START Data extract

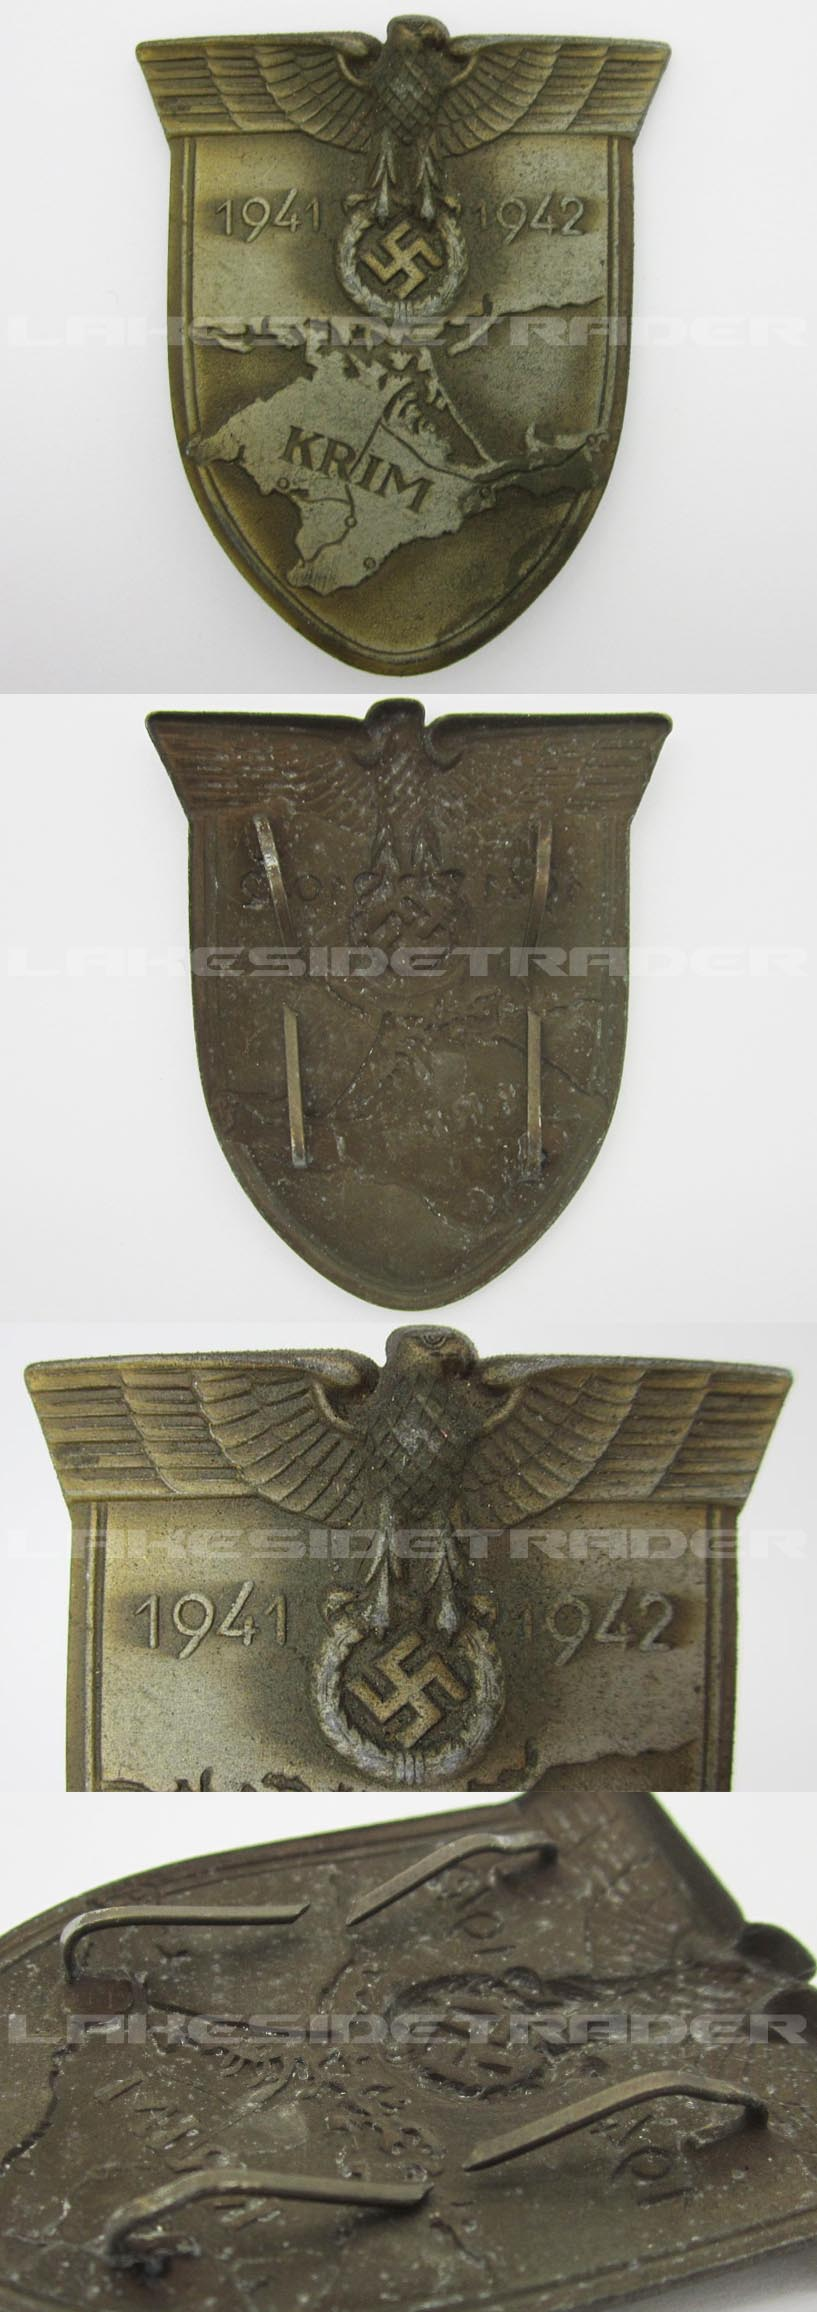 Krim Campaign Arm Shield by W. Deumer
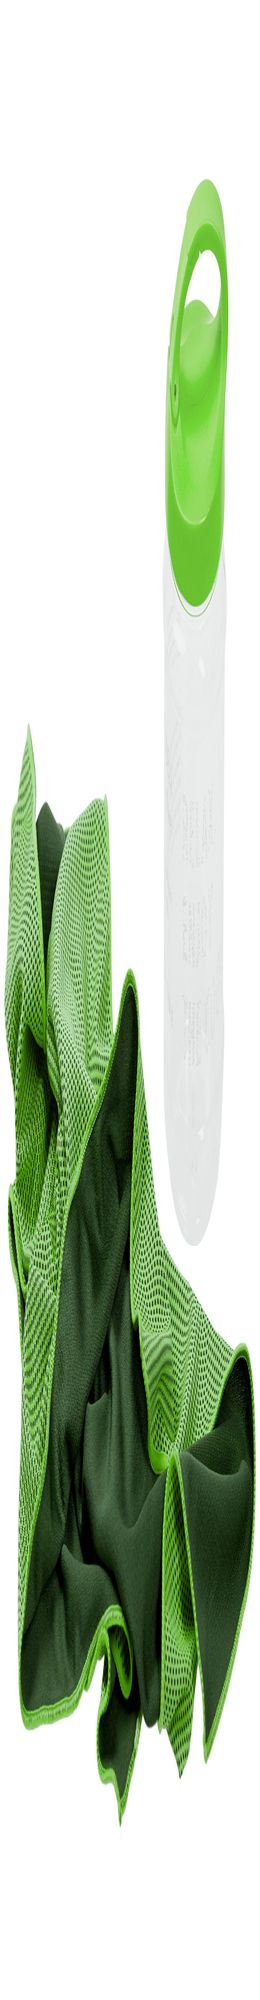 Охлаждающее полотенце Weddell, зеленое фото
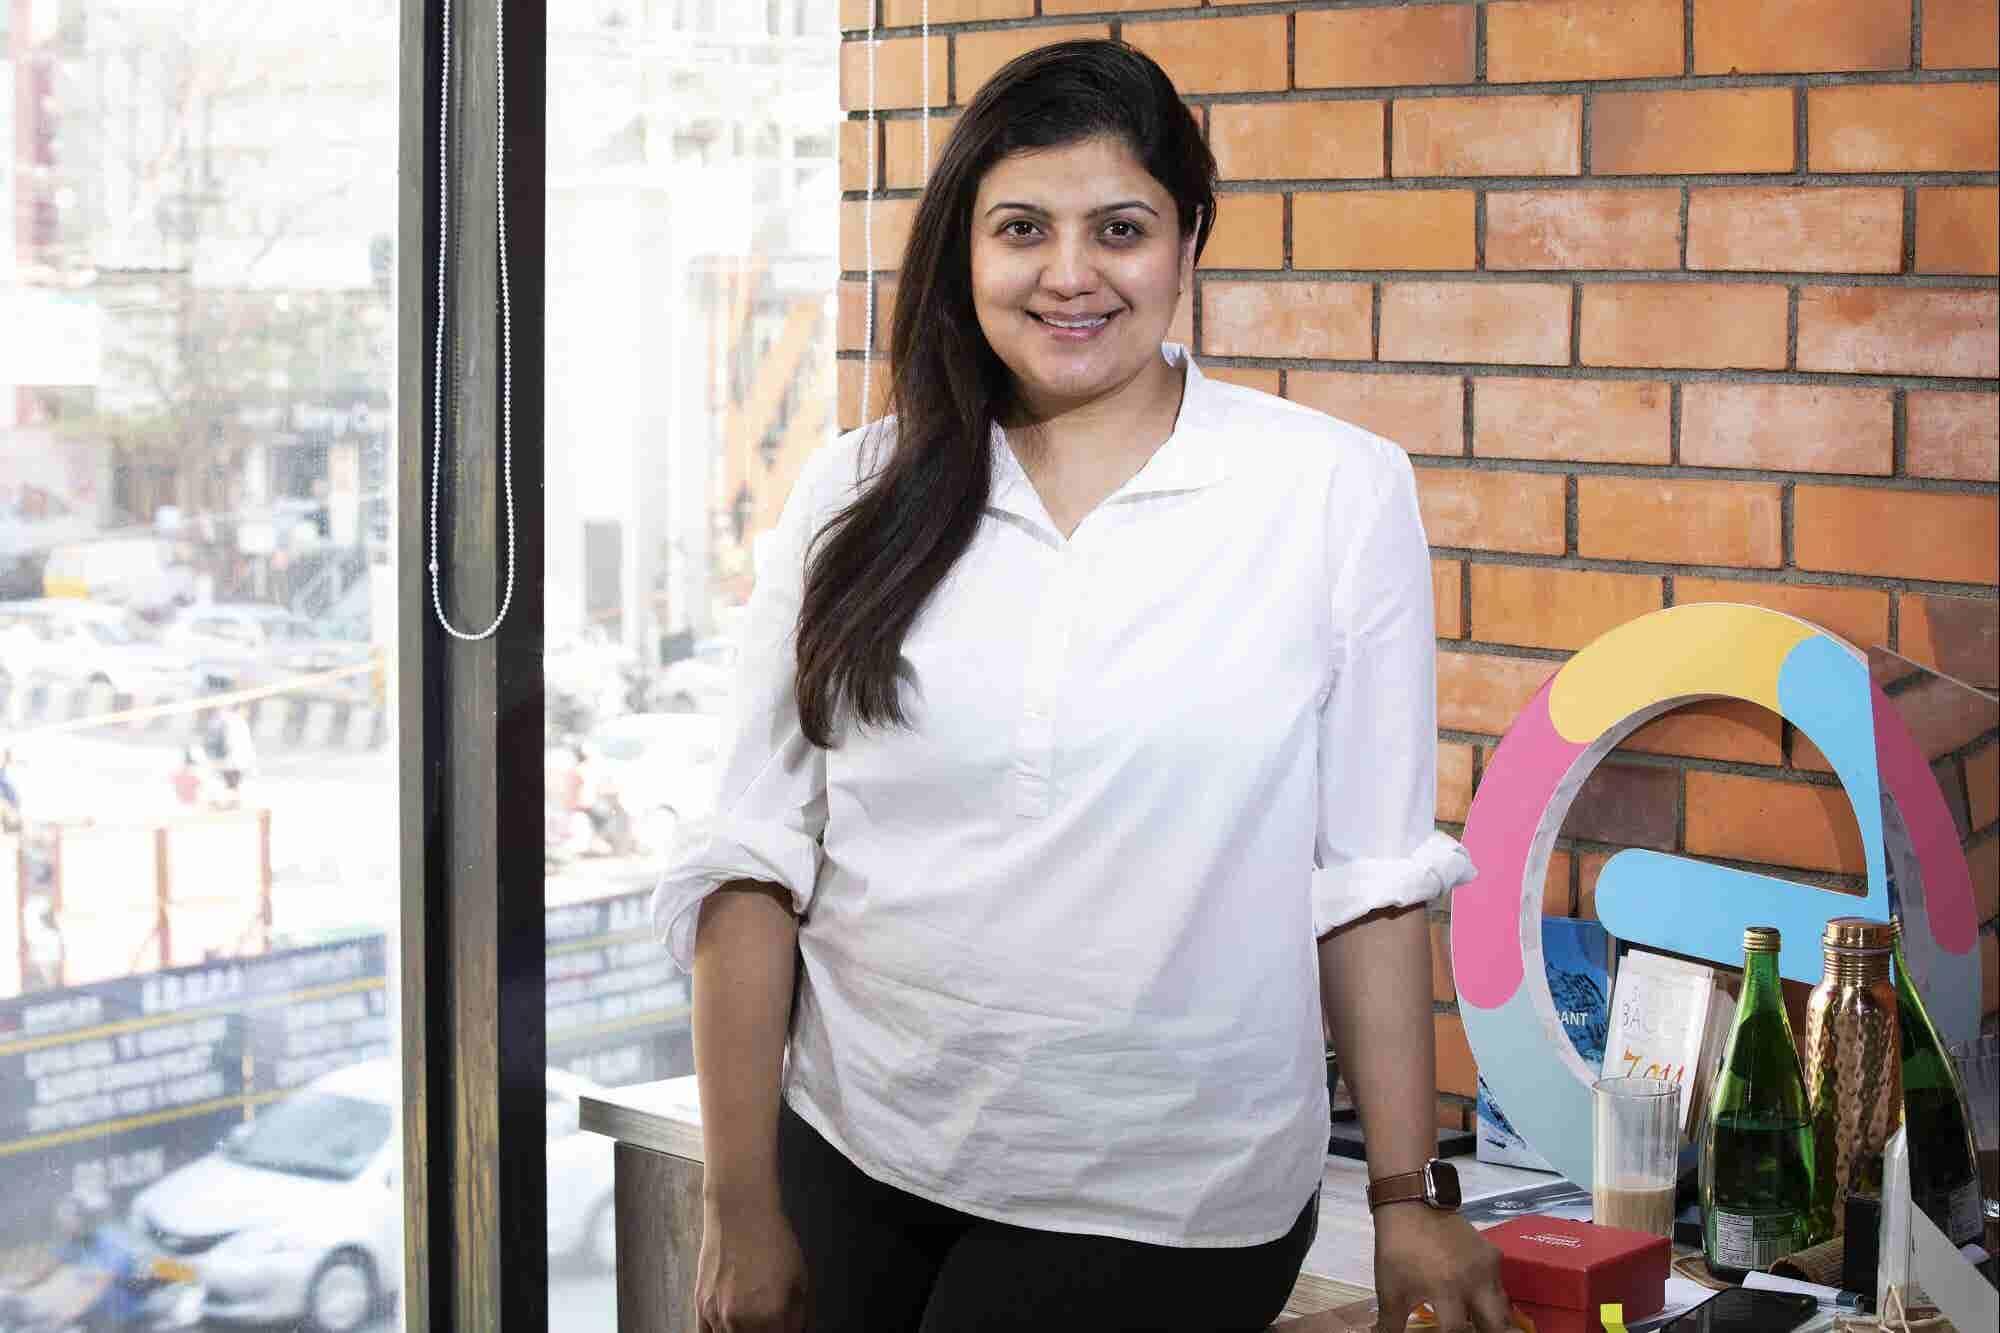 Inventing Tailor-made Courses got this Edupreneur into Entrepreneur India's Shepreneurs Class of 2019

END Data extract

__Work required__: Your copy of the listing should match it exactly, apart from the pictures, which are left out.

__Answer box__:
 Krim Campaign Arm Shield by W. Deumer
 Охлаждающее полотенце Weddell, зеленое фото
 Inventing Tailor-made Courses got this Edupreneur into Entrepreneur India's Shepreneurs Class of 2019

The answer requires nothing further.